Data extract:
_____
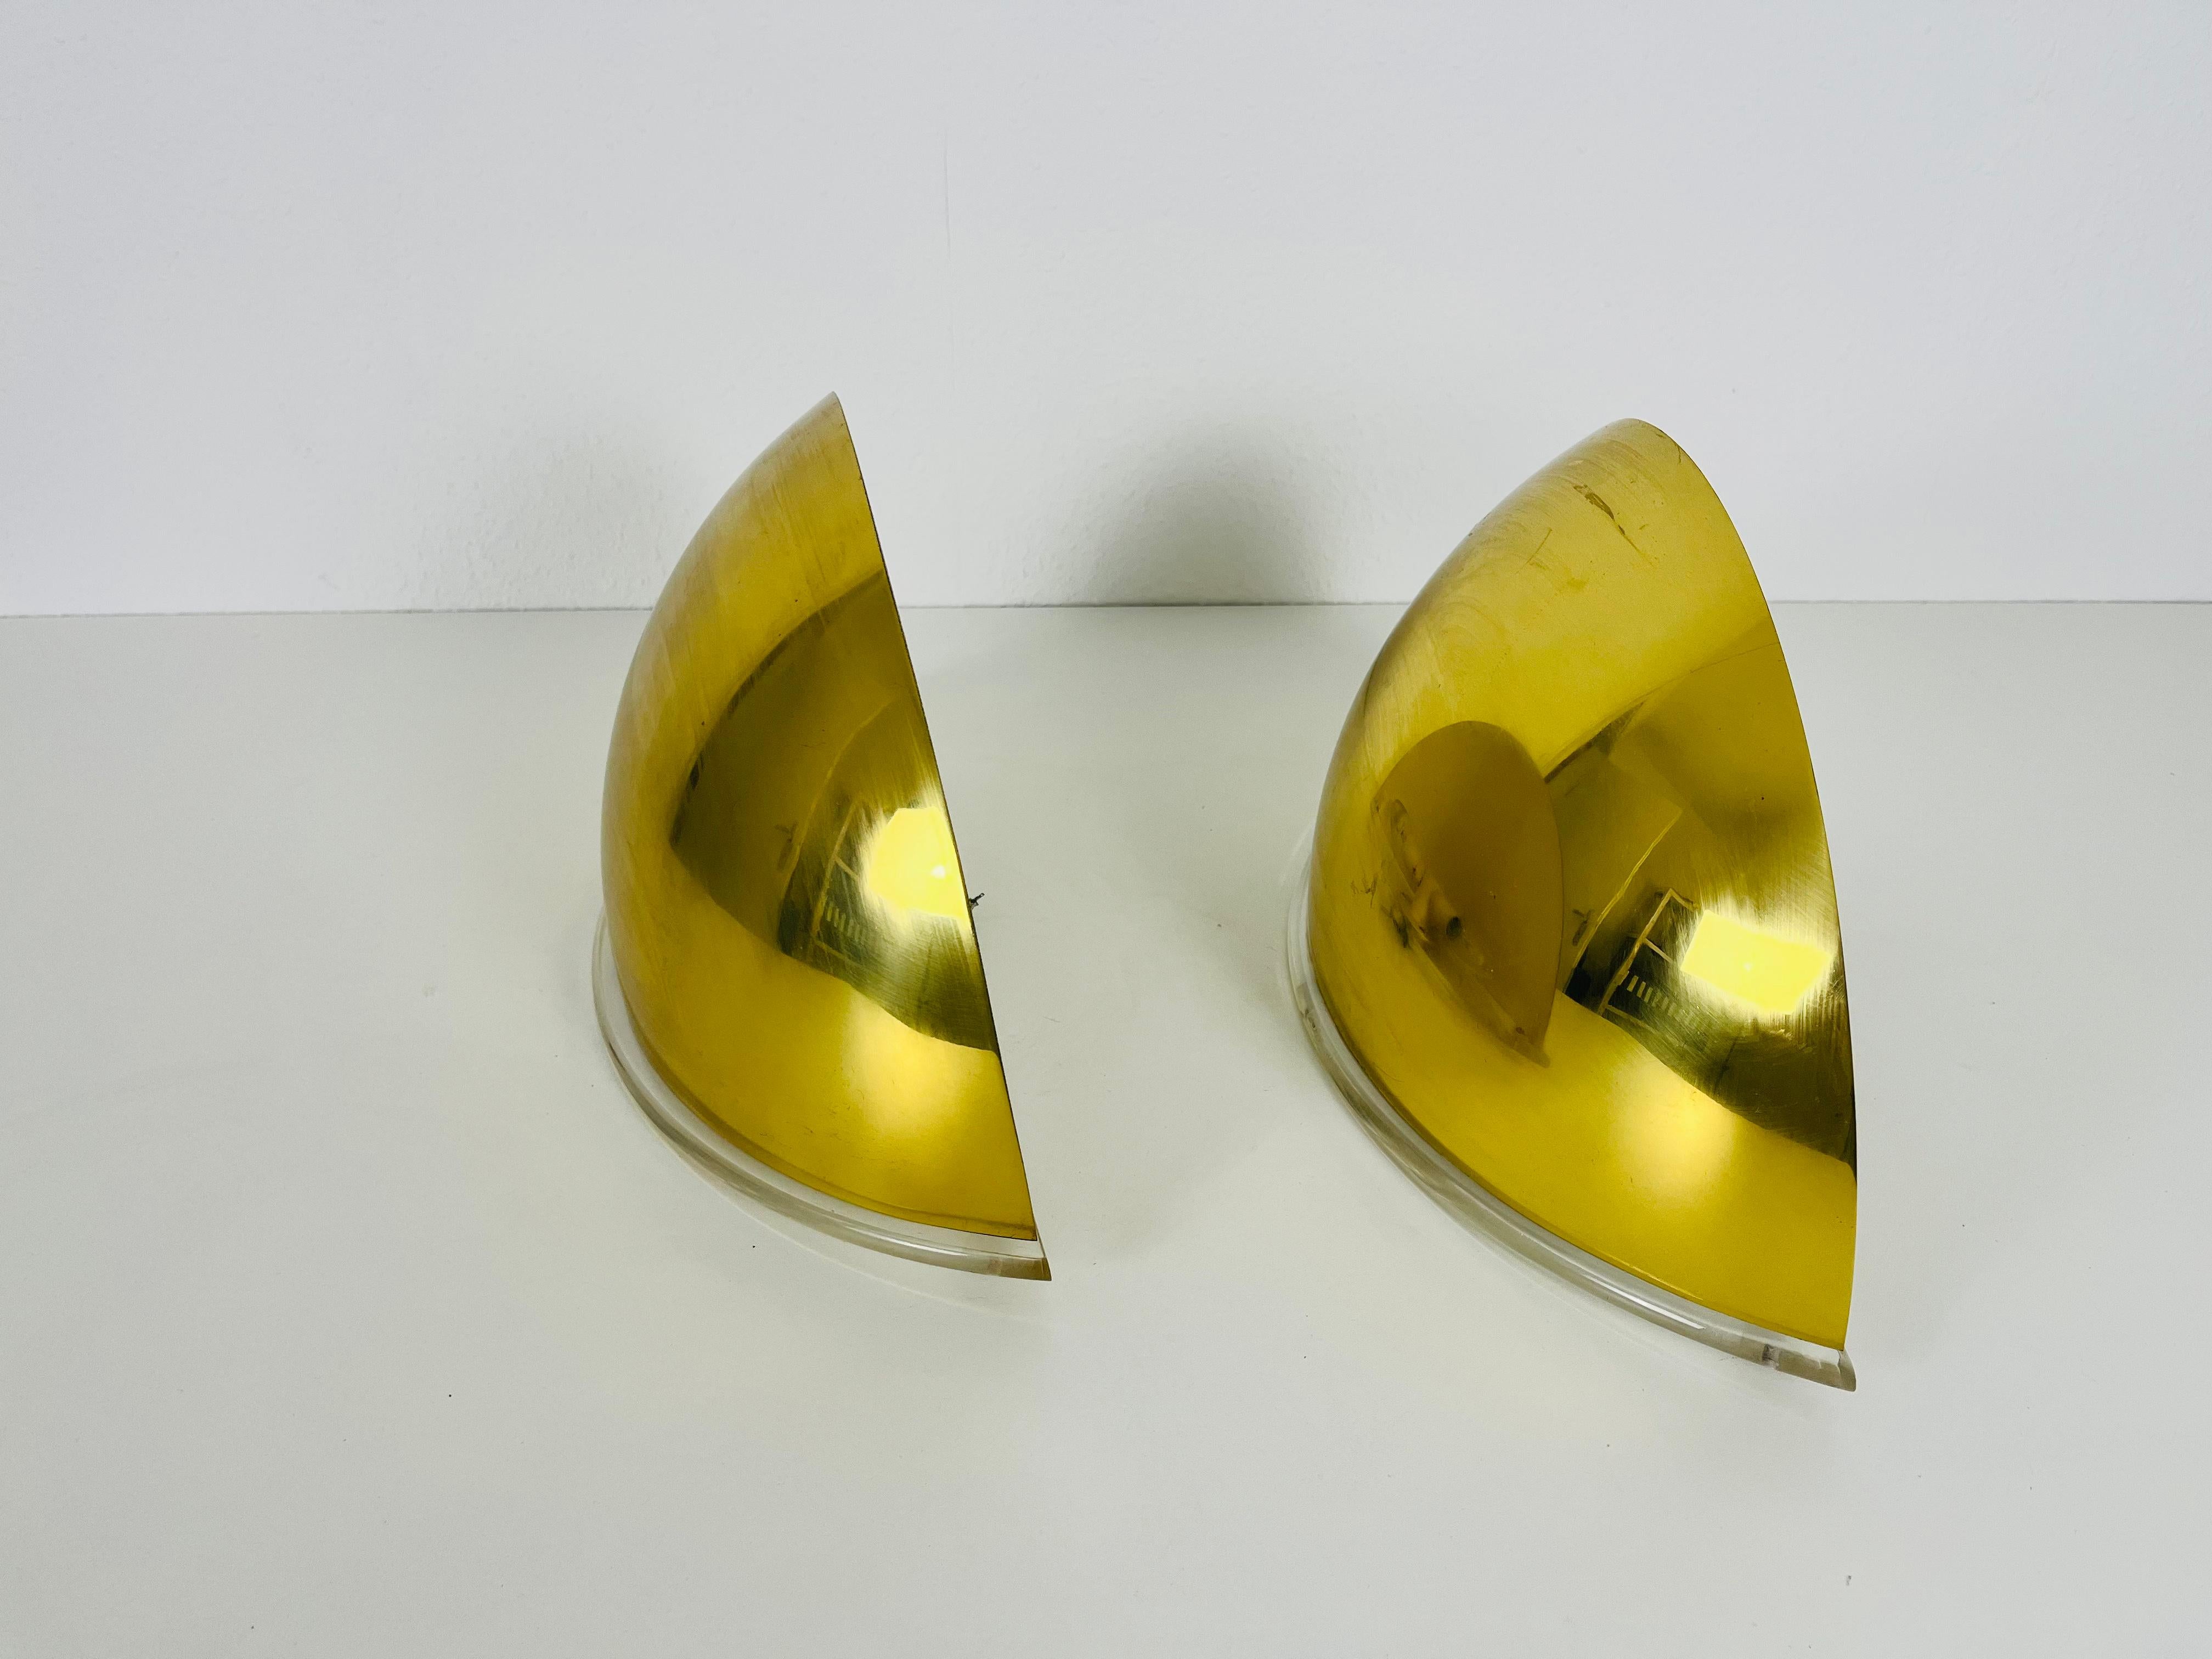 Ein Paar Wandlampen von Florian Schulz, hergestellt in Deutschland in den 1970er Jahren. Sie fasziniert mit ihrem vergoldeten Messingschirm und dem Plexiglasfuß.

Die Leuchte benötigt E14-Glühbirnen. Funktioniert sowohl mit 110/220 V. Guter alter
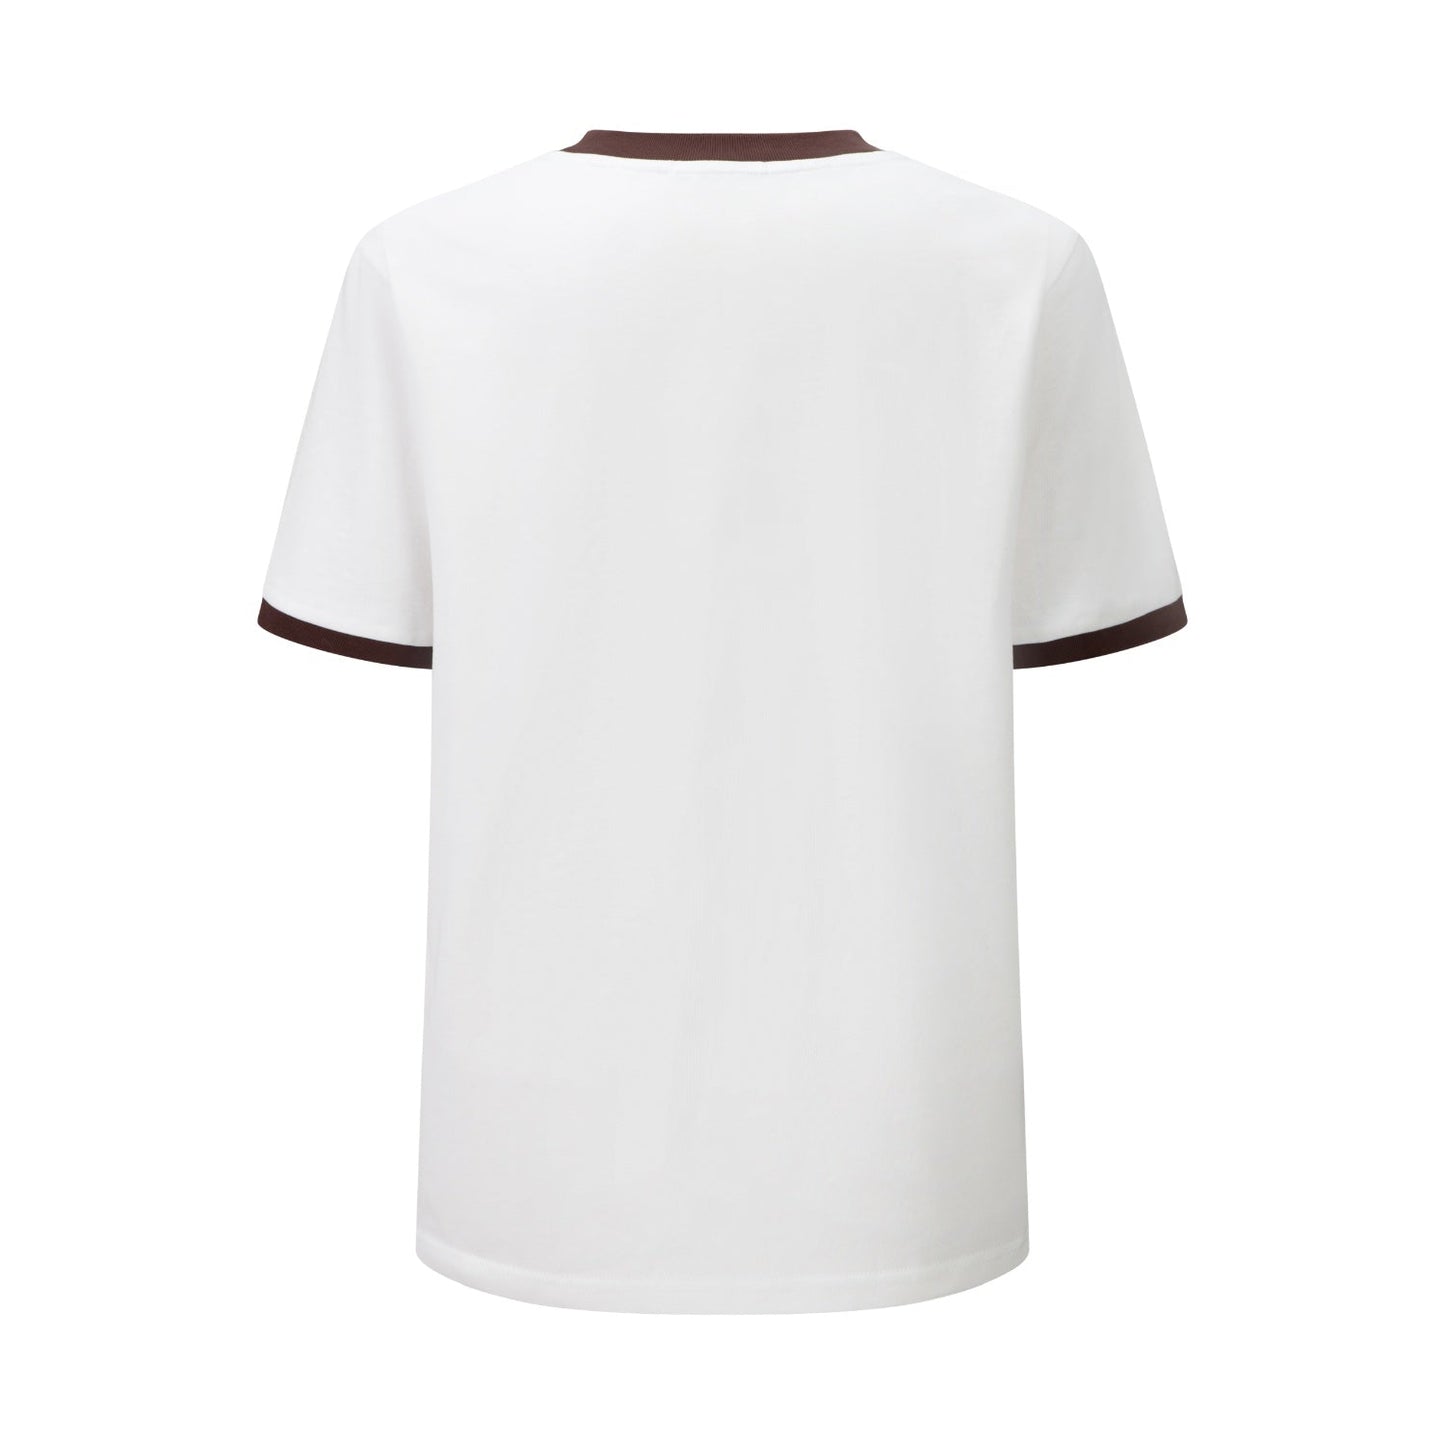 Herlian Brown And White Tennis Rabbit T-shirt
_____
Task statement:
Repeat the data above in full and exactly. Omit every image.

Result below:
 Ein Paar Wandlampen von Florian Schulz, hergestellt in Deutschland in den 1970er Jahren. Sie fasziniert mit ihrem vergoldeten Messingschirm und dem Plexiglasfuß.

Die Leuchte benötigt E14-Glühbirnen. Funktioniert sowohl mit 110/220 V. Guter alter
 Herlian Brown And White Tennis Rabbit T-shirt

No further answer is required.